Title 13.1. Corporations
Chapter 10. Virginia Nonstock Corporation Act
This section has more than one version with varying effective dates. Scroll down to see all versions.
§ 13.1-837. (Effective until January 1, 2027) Members.
A corporation may have one or more classes of members or may have no members. If the corporation has one or more classes of members, the designation of such class or classes and the qualifications and rights of the members of each class shall be set forth in the articles of incorporation or, if the articles of incorporation so provide, in the bylaws. A corporation may issue certificates evidencing membership interests therein. Membership interests shall not be transferable. Members shall not have voting or other rights except as provided in the articles of incorporation or if the articles of incorporation so provide, in the bylaws. Members of any corporation existing on January 1, 1957, shall continue to have the same voting and other rights as before January 1, 1957, until changed by amendment of the articles of incorporation.
Code 1950, § 13.1-211; 1956, c. 428; 1958, c. 564; 1982, c. 182; 1985, c. 522; 2007, c. 925.
§ 13.1-837. (Effective January 1, 2027) Members.
A. A corporation may have one or more classes of members or may have no members. If the corporation has one or more classes of members, the designation of such class or classes and the qualifications and rights of the members of each class shall be set forth in the articles of incorporation or in the bylaws.
B. Except as provided in the articles of incorporation or bylaws, the corporation may admit members for no consideration or for such consideration as determined by the board of directors.

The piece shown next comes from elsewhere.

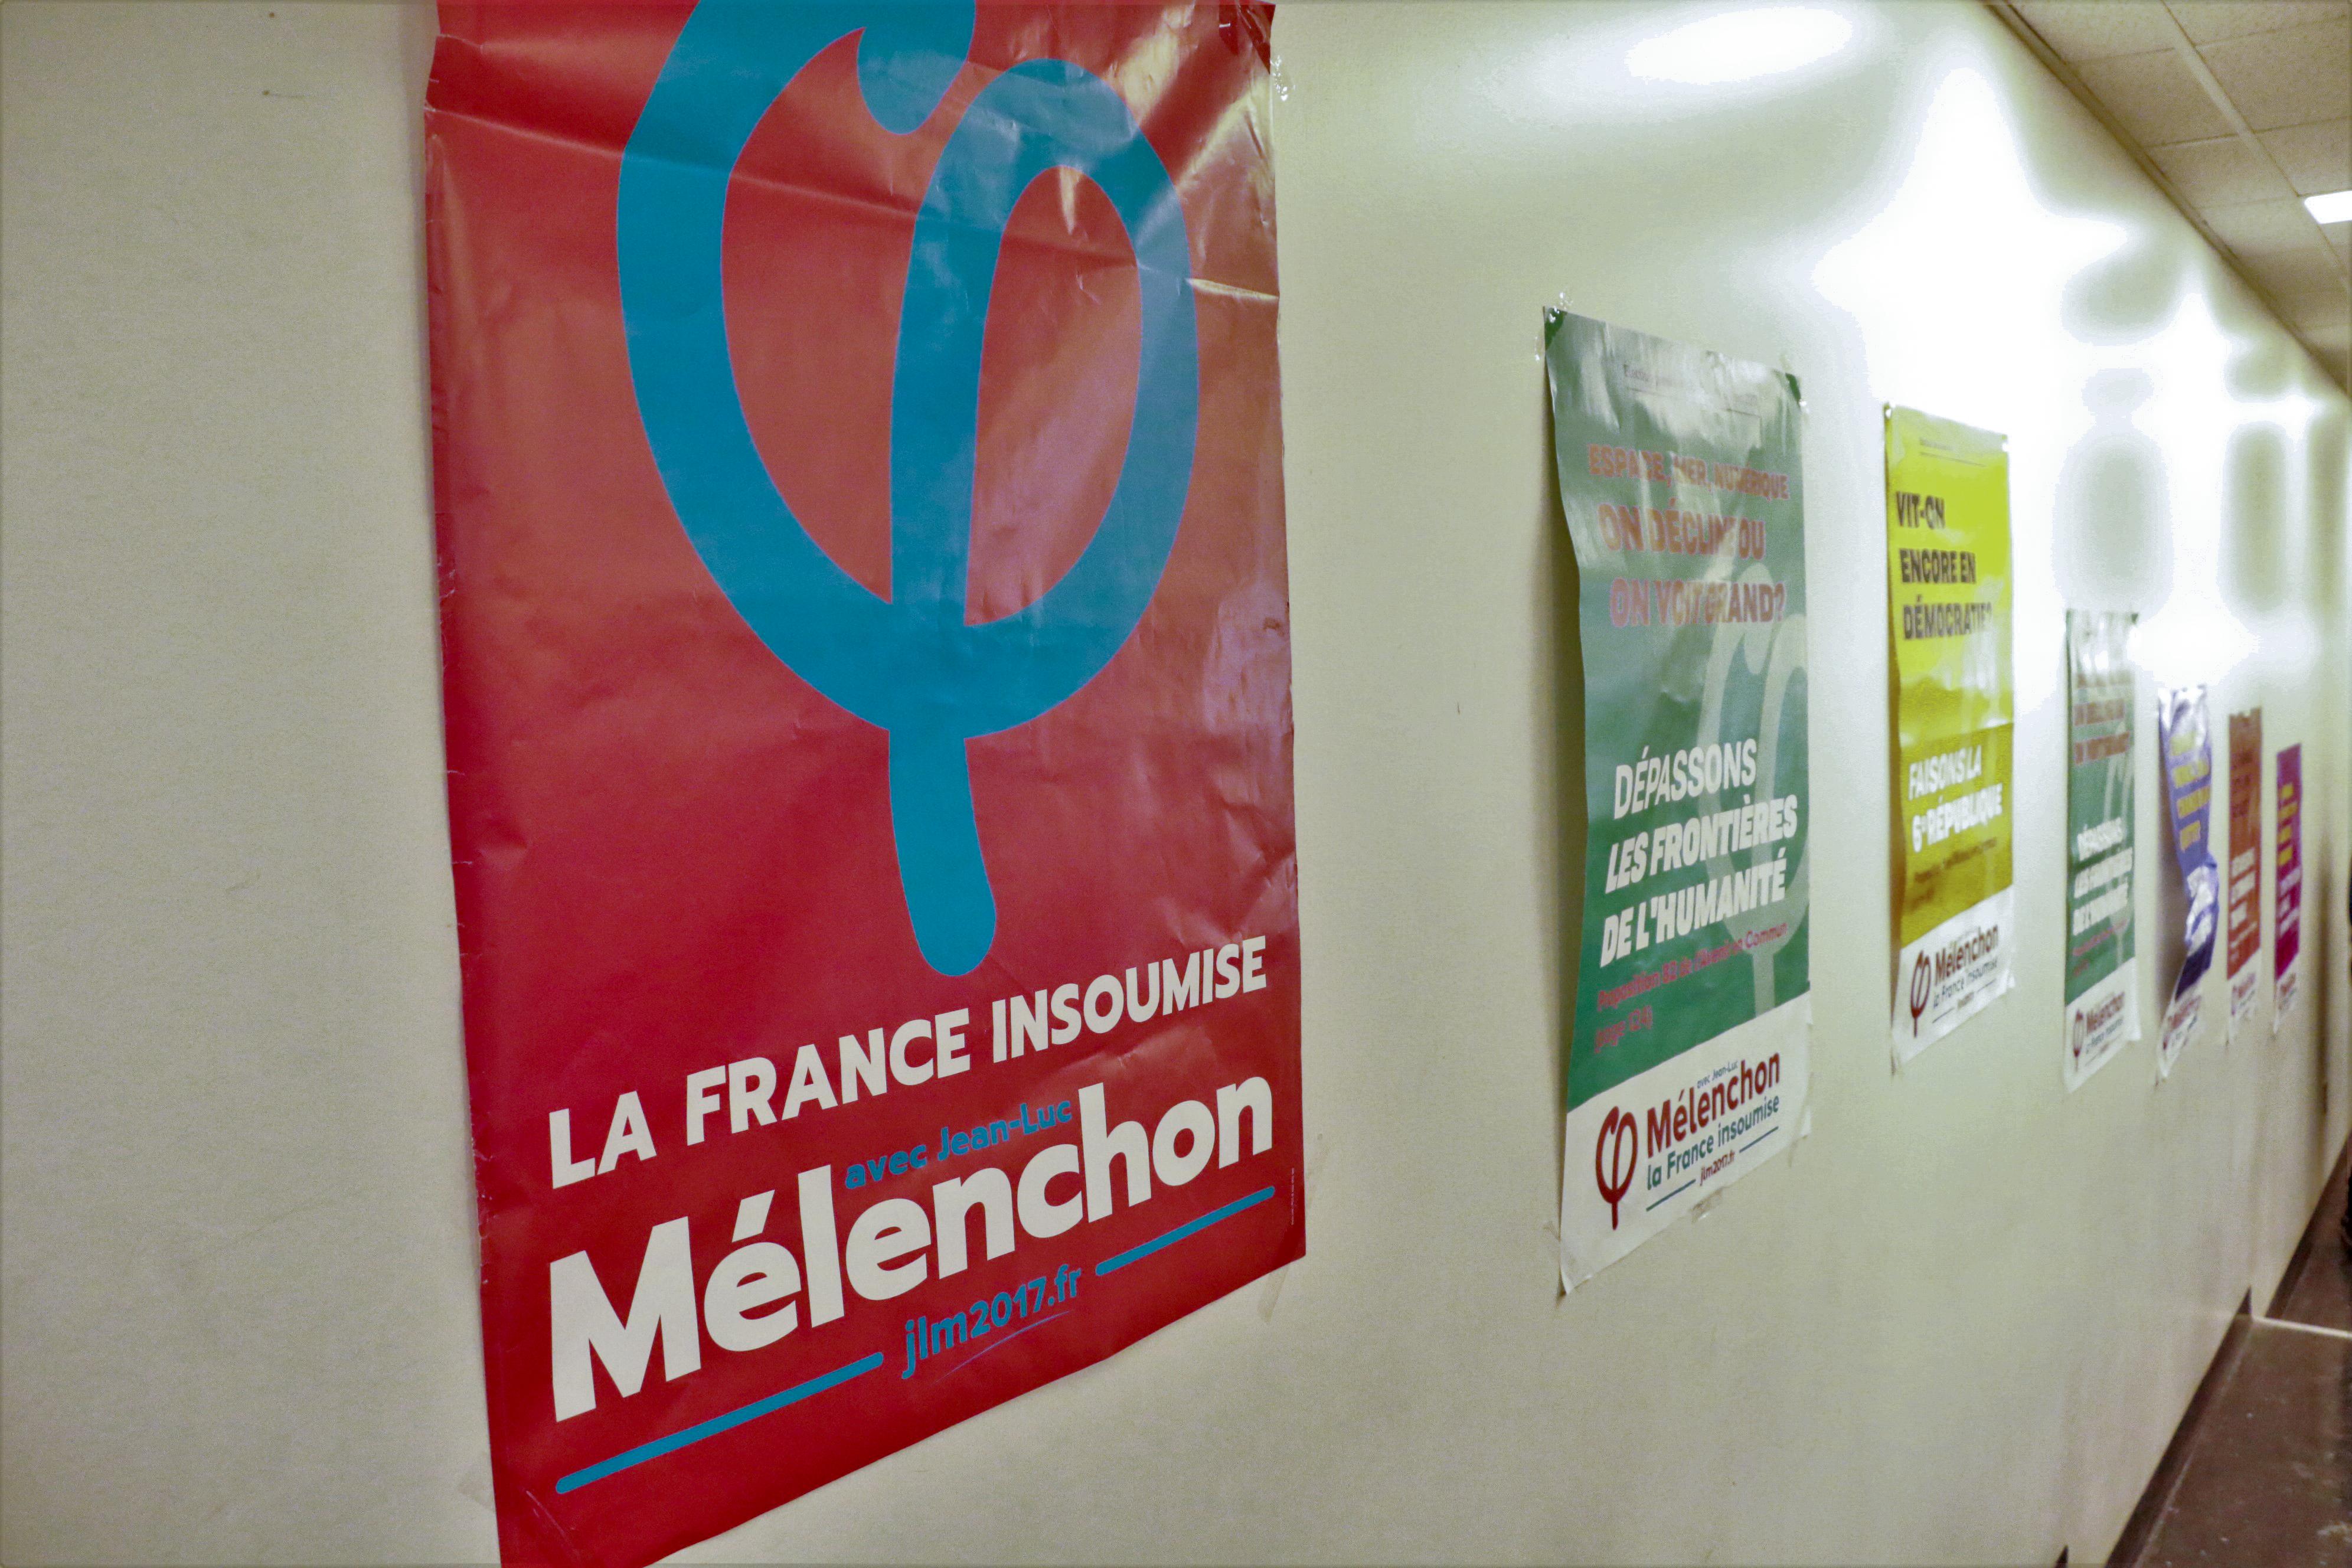 Les Insoumis de Jean-Luc Mélenchon importent à Montréal le débat sur la 6ème République

Any such consideration may consist of any tangible property or benefit to the corporation, including cash, promissory notes, services performed, or contracts for services to be performed, and payment may be made at such times and upon such terms as are set forth in the articles of incorporation or bylaws, or to the extent not inconsistent with the articles of incorporation or bylaws, as determined by the board of directors.
C. A corporation may issue certificates evidencing membership interests therein. Membership interests shall not be transferable, except as otherwise provided in the articles of incorporation or in the bylaws.
D. Members shall not have voting or other rights except as provided in the articles of incorporation or bylaws. Members of any corporation existing on January 1, 1957, shall continue to have the same voting and other rights as before January 1, 1957, until changed by amendment of the articles of incorporation.
E. Except as provided for in the articles of incorporation or bylaws, a corporation shall not pay dividends or distribute any part of its assets, income, or profits to its members. A charitable corporation shall only make a distribution to another charitable corporation that is a member of such corporation or has the power to appoint one or more of its directors. No such dividend or distribution shall, in any event, be made if the corporation is insolvent or would thereby be made insolvent of if the fair value of the assets of the corporation is or would thereby be made insufficient to meet its liabilities.
F. No member shall be personally liable for any liabilities of the corporation, including liabilities arising from the acts of the corporation.
Code 1950, § 13.1-211; 1956, c. 428; 1958, c. 564; 1982, c. 182; 1985, c. 522; 2007, c. 925; 2026, cc. 393, 394.